A junior enterprise is a civil social nonprofit organization established and executed entirely by students of a university or a business school, both at the undergraduate and postgraduate level. The purpose of the organization is to provide services for companies, institutions and society, often in the form of consultancies, while enriching the learning of its members with practical experience in the field of their studies. Often, a junior enterprise is linked to a particular university or business school; by internal regulation, in most of the cases a student must be studying at the specific university in order to actively join the organization. 

The most common expertise areas for junior enterprises are business and management, engineering, marketing, communication, IT services and law. The members of the organization have the chance to take part in real-world projects, while experiencing the functioning of a real company: junior enterprises, indeed, either are real companies, or resemble one in their operational activities, often having a management council and an executive board, together with an own regulation.

The concept

 Non-profit
1.1 Not necessarily by legal status but by nature of activities (in countries, where legal circumstances affect the non-profit legal status)
1.2 Surplus of the JE should not be used for any economic benefits for the members of the JE unless it is for execution of project work. If the legal status allows economic benefits for Management Board, then the National umbrella should ensure that there is a rule in place to prevent this from happening in a JE
 Non-political: not affiliated to political movement or party, however, able to lobby
 Non-religious: not affiliated to a religious movement or church
 Managed entirely by students: only students make and execute strategic decisions.
 Linked to an institution of higher education, but not necessarily affiliated legally. However, support from the University should be proactively sought.
 Legal entity: legal settlement should be proactively sought.
 Fostering entrepreneurship spirit:
7.1 Proactively engaging members in decision making;
7.2 Encouraging them to start their own projects;
7.3 Actively look for new opportunities.
 Contribute to the development of the National Network by providing trainings to the Junior Entrepreneurs about the Network and motivating them to be a part of its activities.
 Fostering members development
9.1 The end result of every project should be the development of members by any mean;
9.2 Every project should develop a soft or a hard skill. The business acquisition, however, if the market allows, should focus on acquiring projects which develop hard skills (e.g.: resource management, analytics, technical, etc.)
9.3 Projects should assume interaction with external parties: private and civil companies
 Aiming at sustainable activity (at least one project a year must be run for clients). Thus, the Junior Enterprise seeks the quality implementation of the Concept.

Goals
This is an opportunity for students to develop self-confidence and experience entrepreneurship at an early stage in their careers, to add practical experience to the theoretical skills and to provide private business with state-of-the-art knowledge from universities.
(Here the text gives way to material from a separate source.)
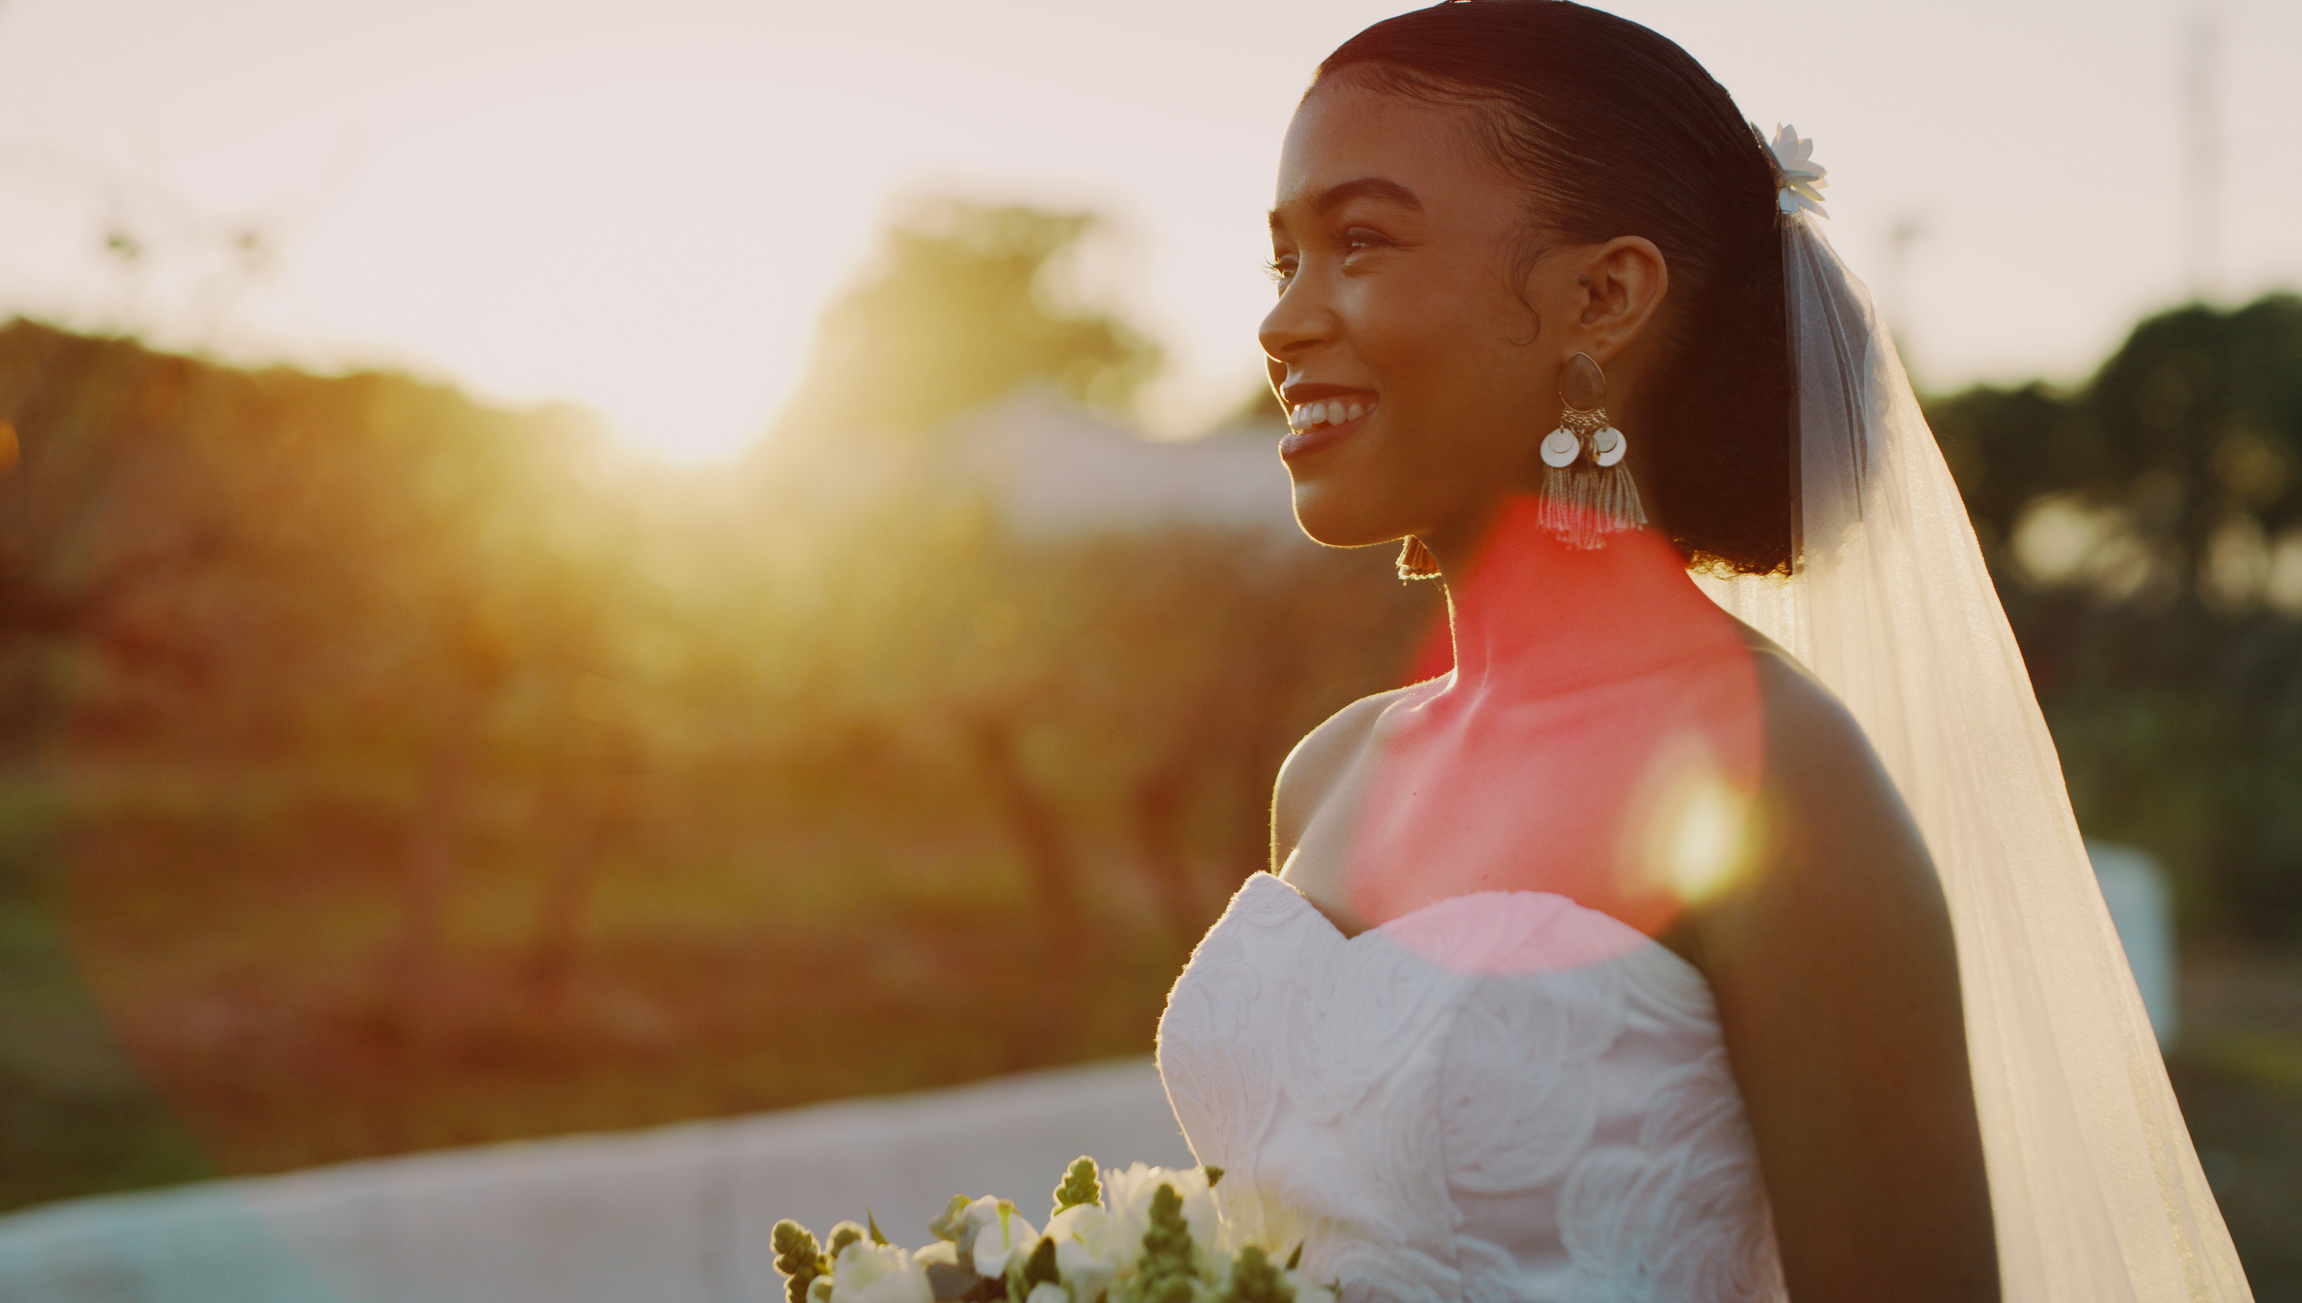 Smiling bride in a strapless wedding dress holding a bouquet, with a sunset background
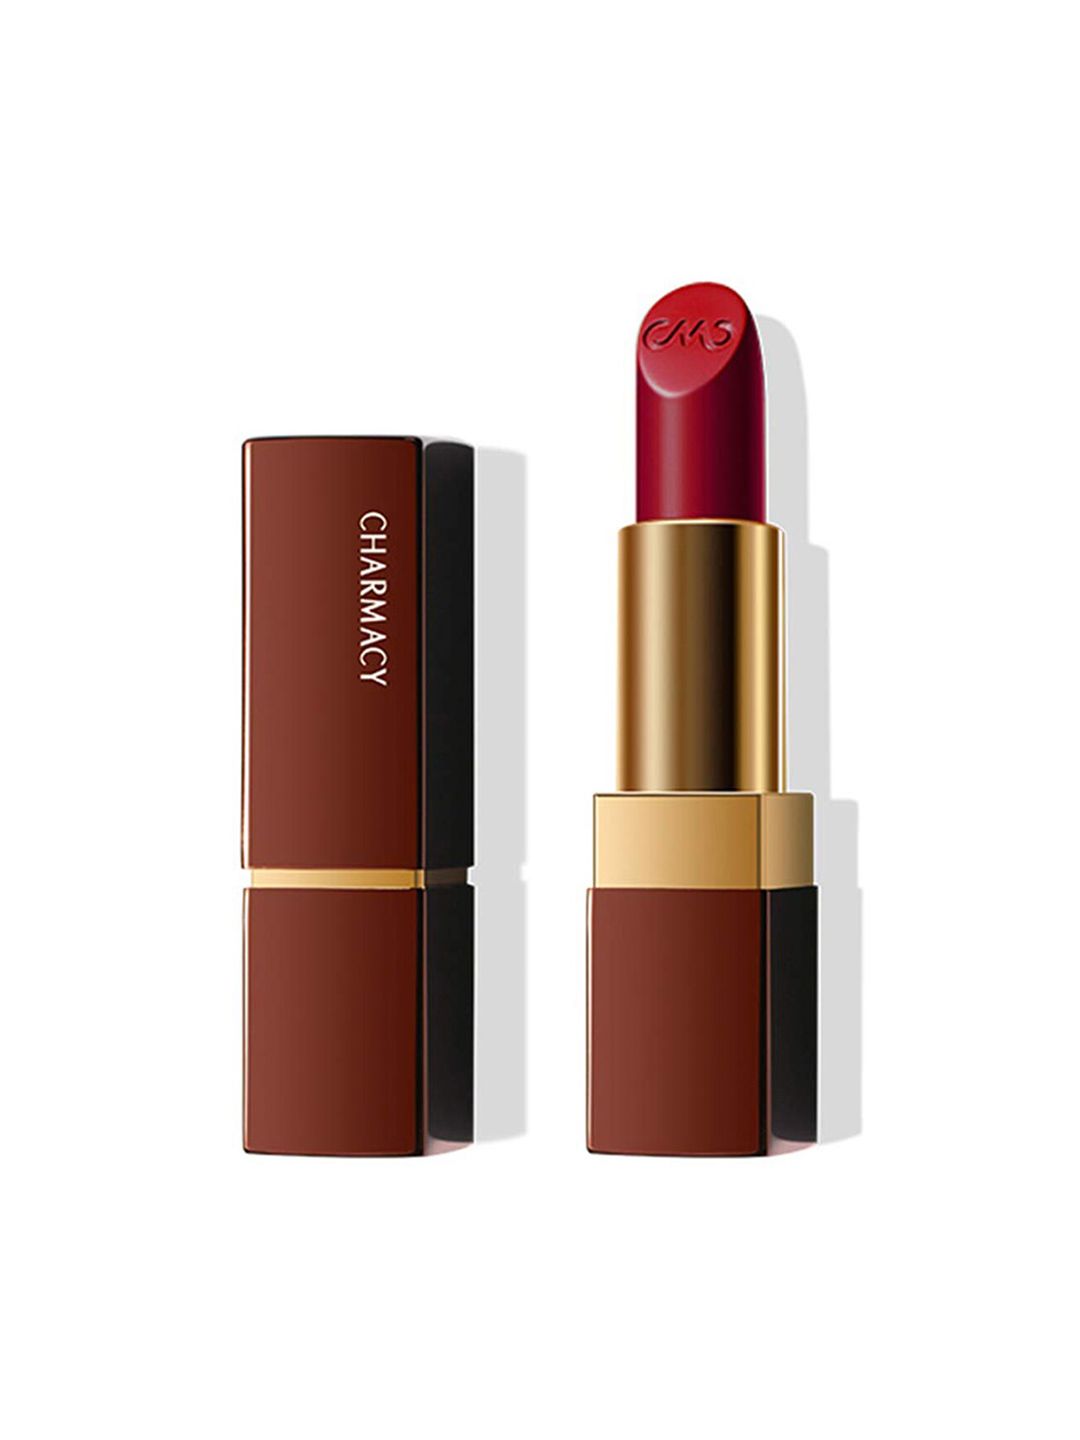 Charmacy Milano Luxe Creme Lipstick - Rich Rose Wood 14 Price in India

Due to the particularity of the Junior Enterprise work, the students distinguish themselves for example by their soft skills such as entrepreneurial spirit, team-working, creativity, presentation skills, public speaking, networking and intercultural understanding, work experience, and project management.

History

 1967: Establishment of the first Junior Enterprise in France: Junior ESSEC.
 1969: Establishment of the second Junior Enterprise in Lille, France: EDHEC Junior Etudes.
 1969 : Creation of the French National Confederation.
 1983: Foundation of Junior Entreprise EPFL, the first Junior Entreprise in Switzerland, at the Swiss Federal Institute of Technology in Lausanne (EPFL).
 1987: Foundation of UniPartners - A network of Junior Enterprises in the Netherlands.
 1987: Foundation of the first Junior Enterprise at the LUISS University in Italy, based in Rome
 1988: Foundation of Junior Comtec, the first Junior Enterprise in Germany, based in Darmstadt.
 1988: Foundation of JEME Bocconi, the second Junior Enterprise in Italy, based in Milano. Foundation of the first Junior Enterprises (EJFGV, Poli Junior and UFBAjr) in Brazil.
 1989: Foundation of uniforce Consulting GmbH, the first Junior Enterprise in Austria, based in Vienna.
 1989: Foundation of Junior Consult, the first Junior Enterprise in Denmark, based in Aarhus.
 1989: Foundation of FEA Júnior USP, the first business Junior Enterprise of the University of São Paulo in Brazil.
 1990: Foundation of JUNITEC, the first Junior Enterprise in Portugal, based in Lisbon.
1990: Foundation of Junior Consulting Team e.V., the first Junior Enterprise of Nuremberg, Germany.
 1990: Foundation of EJCM in Brazil, first JE of IT of America.
 1991: Foundation of EAA Consult, the first Junior Enterprise in Belgium, based in Liège.
1991: Foundation of 3E Unicamp, the first JE of University of Campinas, Brazil.
 1992: Foundation of CIJE (later called JE Italy), the Italian Confederation of Junior Enterprises, in order to link the National Confederations. It is based in Milan.
 1992: Foundation of JADE, the European Confederation of Junior Enterprises, in order to link the National Confederations. It is based in Brussels.
 1992: Foundation of Motriz Empresa Junior, the Junior Enterprise of the University of Campinas School of Mechanical Engineering, Brazil.
 1992: Foundation of EESC jr., the Junior Enterprise of the Engineering School of São Carlos, Brasil.
 1993: Foundation of Company Consulting Team (CCT), the first Junior Enterprise of Berlin, Germany.
 1993: Foundation of PUC Júnior, the Junior Enterprise of Pontifícia Universidade Católica of São Paulo, Brasil.
 1995: First Junior Enterprise in the UK - WBC, based at the University of Westminster in London.
 1995: Foundation of Domani Consultoria Internacional, based at the University of Brasília, Brasil.
 1996: CEJE, Spanish Confederation of Junior Enterprises, joins JADE.
 1997: Foundation of ETH juniors - Junior Enterprise of the Swiss Federal Institute of Technology in Zurich, called "ETH Zurich".
 1997: Foundation of Quanta Jr., the Junior Enterprise of the Institute of Physics "Gleb Wataghin" and the Institute of Mathematics, Statistics and Scientific Computing, University of Campinas, Brazil. Quanta Jr. is the first Junior Enterprise of Physics and Math in Latin America.
 1998: Foundation of the first Junior Enterprise in Poland - Junior Consulting Group (presently ConQuest Consulting).
 1998: Foundation of BCJE (later called JADE Belgium), the Belgian Federation of Junior Enterprises, in order to unite the Belgian network.
 2003: Foundation of Brasil Junior, the Brazilian Confederation of Junior Enterprises.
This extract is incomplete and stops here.